The doors in the cyber walls are something else. We open them today. We will always open them. That’s one of the nice things about a doorway. Only Santa Claus has to go down the chimney.

As we continue to open doors, true cyber security has to answer a simple question. “Who do authorized parties bring with them when we open the cyber door?”

Answering this question requires the CEO and board of trustees to ask, “How much will it cost for sufficient resources to identify and restrict potentially-compromised visitors?”

This would have been a daunting question in 1983 or 2008. The answer for many entities was, “Too much.”

Today, the answer may be, “Not so much.” Two parallel developments are occurring.

  • Cyber Security Raters. A growing cyber risk market is forming around companies that help you understand the exposure represented by suppliers, distributors, customers, and strangers who knock on the door. They rate the level of cyber risk posed by each party and alert you to parties that should be denied entry, or at least be frisked for a hidden weapon.
  • Microservice Architects. These companies help divide a single integrated computer system into discrete self-contained modules separated by their own secure internal doorways.

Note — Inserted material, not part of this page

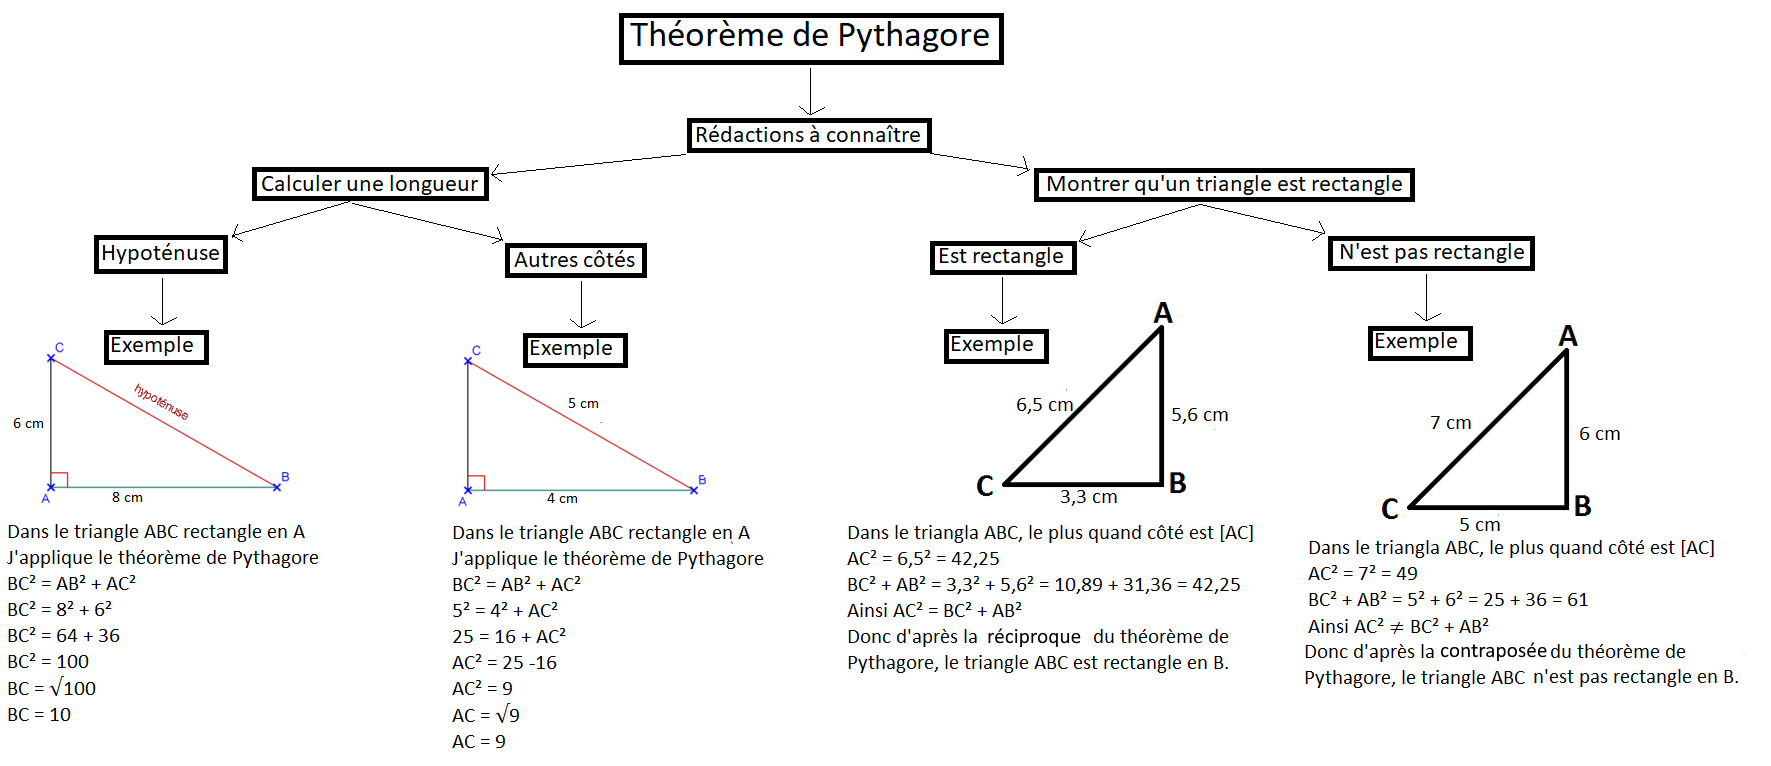 Pythagore
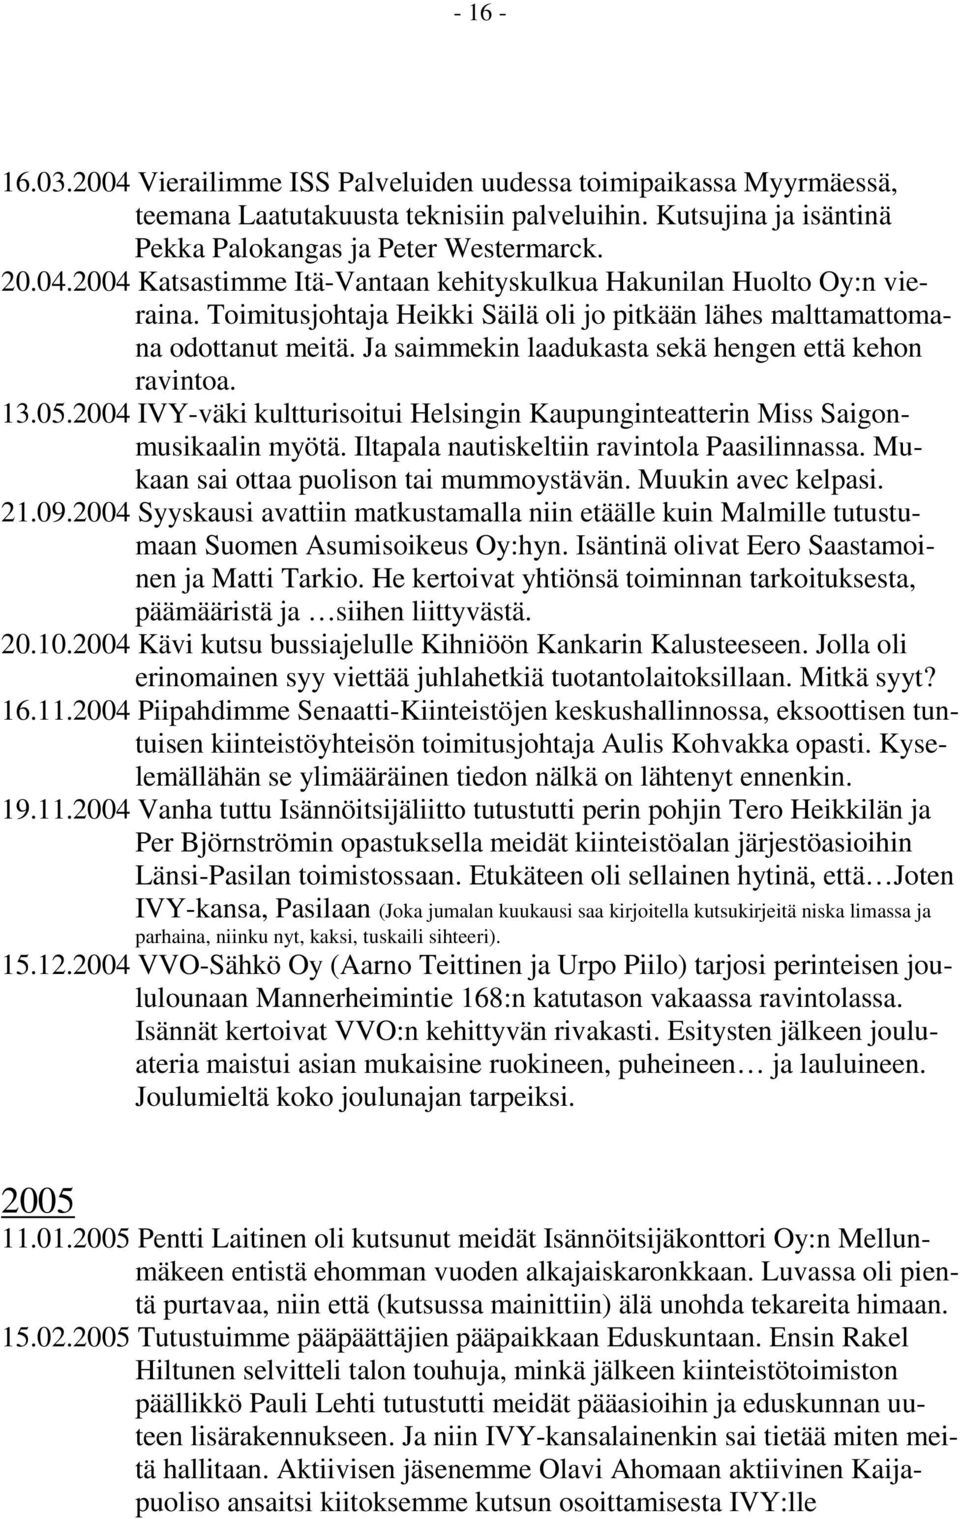 2004 IVY-väki kultturisoitui Helsingin Kaupunginteatterin Miss Saigonmusikaalin myötä. Iltapala nautiskeltiin ravintola Paasilinnassa. Mukaan sai ottaa puolison tai mummoystävän. Muukin avec kelpasi.

When an organization restricts individuals who unleash a cyber loss, the whole system is not affected.

Think about what it means if an organization converts to a microservice architecture monitored by a cyber security rater. A person knocks on the cyber wall door triggering risk management responses:

  • Risk Identification. Who is it? What do they want?
  • Risk prevention. What is the visitor’s cyber score separately from our own knowledge? Do we open the door for people in this category? If yes, where do we allow them to go.
  • Risk mitigation. Even if they get in, visits are restricted to a single area.
  • Risk avoidance. If visitation is restricted, no harm is done in other areas.

Many organizations are likely to be evaluating cyber security ratings and microservice architecture in the near future.

Maybe not all. You can hear it now.

  • “We can’t afford to hire someone to give us cyber risk scores on our visitors.”
  • “We have to trust our suppliers and partners to stay in their authorized area.”
  • “Even though our system has legacy features that make us vulnerable, we can live with the exposures.”

These statements encourage a time check. Is it still 1983? Is it 2008? Is it 2020?